Een mogelijke moeilijkheid met RT-PCR is dat RNA genomisch DNA besmet.Het gebruik van betere RNA-scheidingsmethoden, zoals Trizol Reagent, vermindert genomische DNA-verontreiniging in RNA-preparaten.Om producten die zijn geproduceerd uit genomisch DNA te vermijden, kan het RNA worden behandeld met DnasⅠ van amplificatiekwaliteit om verontreinigd DNA te verwijderen voorafgaand aan reverse transcriptie.De monsters werden gedurende 10 minuten bij 65°C in 2,0 mM EDTA gehouden om de DNaseⅠ-digestie te beëindigen.EDTA cheleert magnesiumionen om de van magnesiumionen afhankelijke RNA-hydrolyse te voorkomen die optreedt bij hoge temperaturen.

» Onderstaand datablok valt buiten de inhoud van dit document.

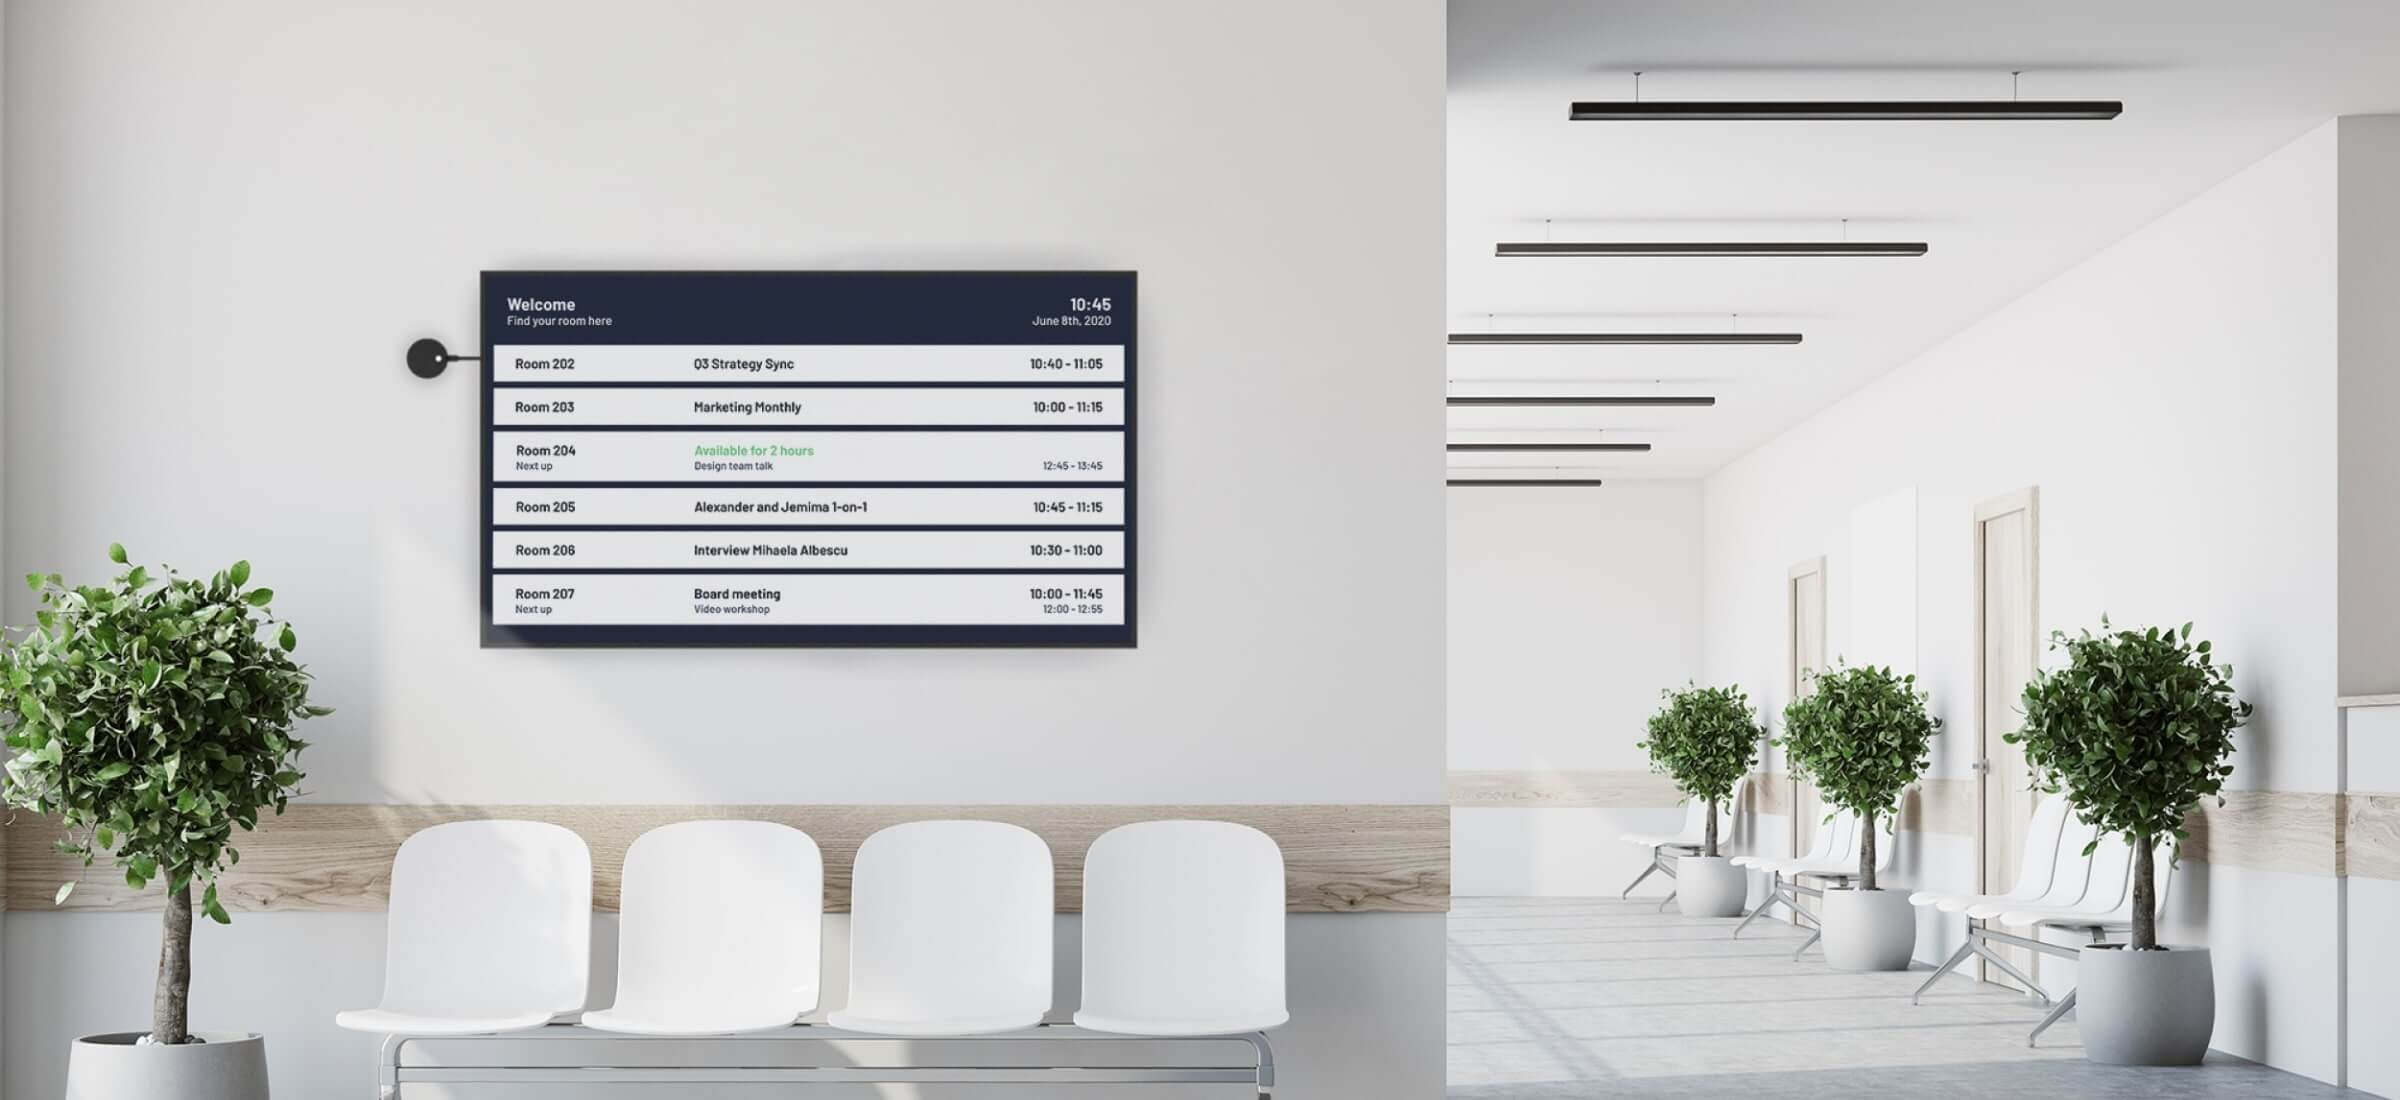 How Digital Signage can get your message across
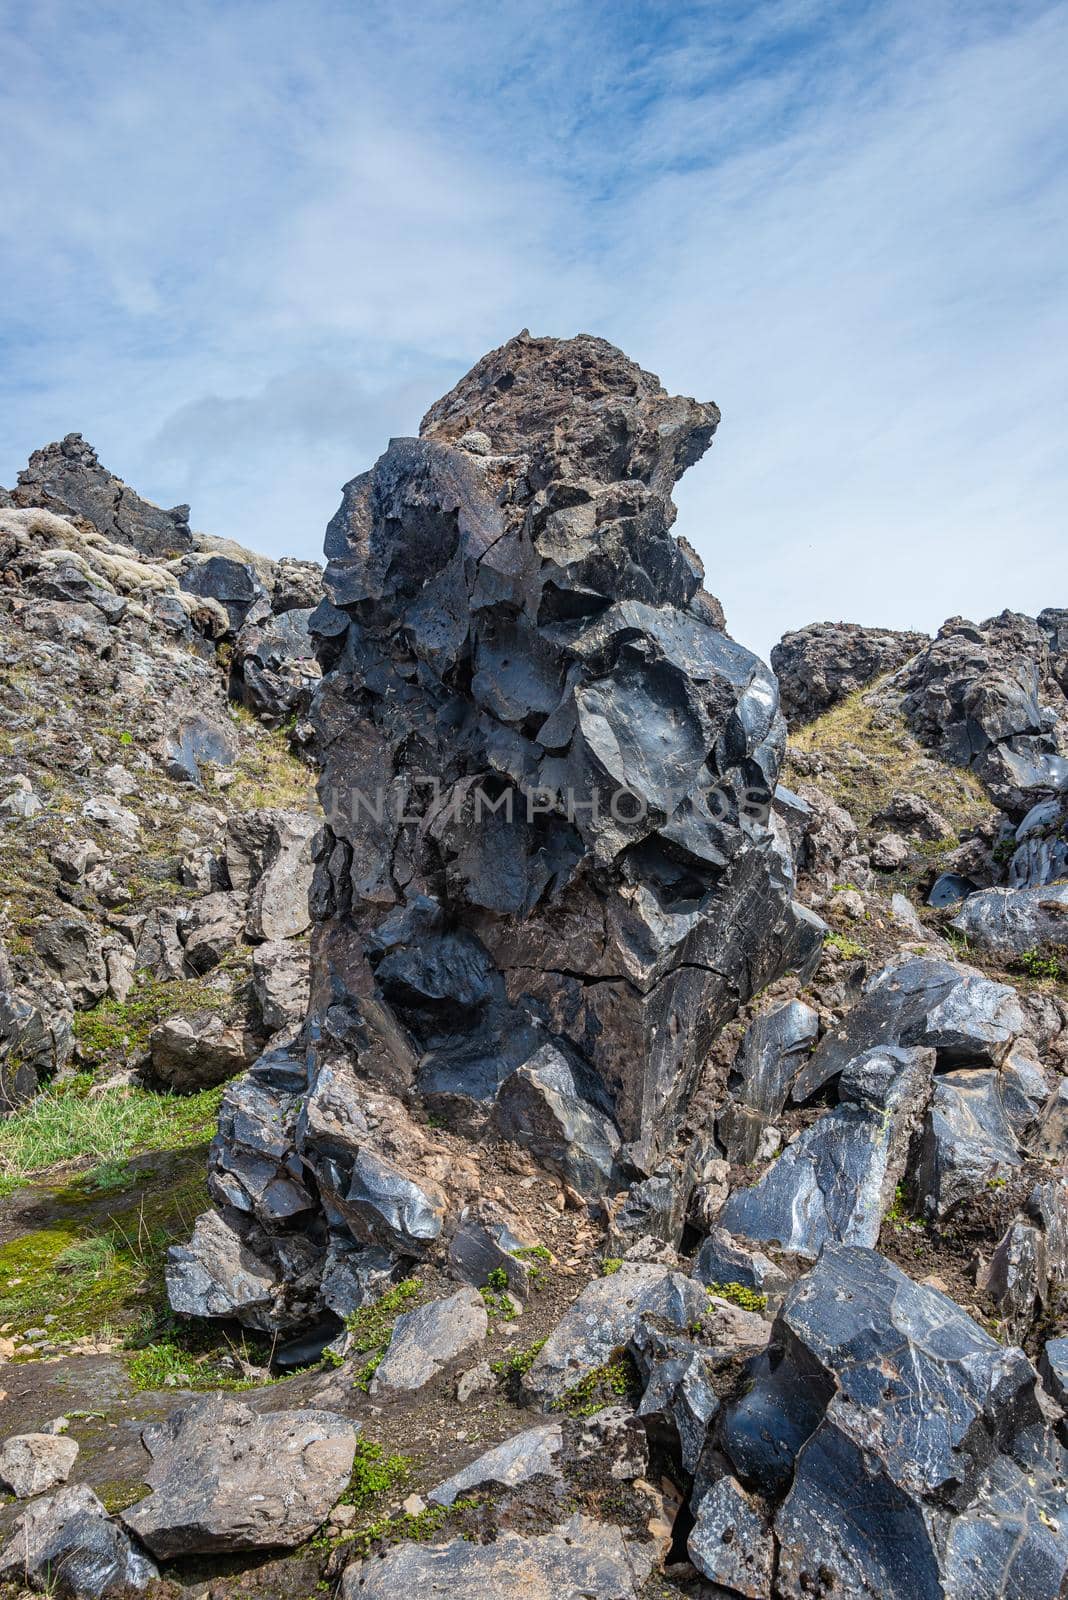 Volcanic glass rock known as obsidian found in lava fields formed by polymerized magma during volcanic eruption in rhyolitic silica, Iceland, details

Om geamplificeerd cDNA te scheiden van het genoom-DNA-amplificatieproduct, kunnen primers worden ontworpen die afzonderlijk met het gescheiden exon versmelten.PCR-producten afgeleid van cDNA zullen korter zijn dan die afgeleid van besmet genomisch DNA.Een gecontroleerd experiment zonder reverse transcriptie wordt ook uitgevoerd op elke RNA-template om te bepalen of een bepaald fragment afkomstig is van genomisch DNA of cDNA.PCR-producten die worden verkregen zonder omgekeerde transcriptie zijn afgeleid van het genoom.

Verwant product

RT-PCR Eenvoudig^ᵀᴹik (een stap)

- Met de one-step kit kunnen reverse transcriptie en PCR in dezelfde buis worden uitgevoerd.Het hoeft alleen template-RNA, specifieke PCR-primers en RNase-Free ddH toe te voegen₂O.

- Realtime kwantitatieve analyse van RNA kan snel en nauwkeurig worden uitgevoerd.

-De kit maakt gebruik van een uniek Foregene reverse transcriptiereagens en Foregene HotStar Taq DNA-polymerase gecombineerd met een uniek reactiesysteem om de amplificatie-efficiëntie en specificiteit van de reactie effectief te verbeteren.

-Het geoptimaliseerde reactiesysteem zorgt ervoor dat de reactie een hogere detectiegevoeligheid, sterkere thermische stabiliteit en betere tolerantie heeft.

RT Easy II (met GDNase) Master Premix voor eerste streng CDNA-synthese voor real-time PCR met GDNase

- Efficiënt vermogen om gDNA te verwijderen, dat binnen 2 minuten gDNA in de sjabloon kan verwijderen.

- Efficiënt reverse transcriptiesysteem, het duurt slechts 15 minuten om de synthese van de eerste cDNA-streng te voltooien.

-Complexe sjablonen: sjablonen met een hoog GC-gehalte en een complexe secundaire structuur kunnen ook met hoge efficiëntie worden omgekeerd.

- Zeer gevoelig reverse transcriptiesysteem, sjablonen op pg-niveau kunnen ook cDNA van hoge kwaliteit krijgen.

-Het reverse transcriptiesysteem heeft een hoge thermische stabiliteit, de optimale reactietemperatuur is 42 ℃ en het heeft nog steeds goede reverse transcriptieprestaties bij 50 ℃.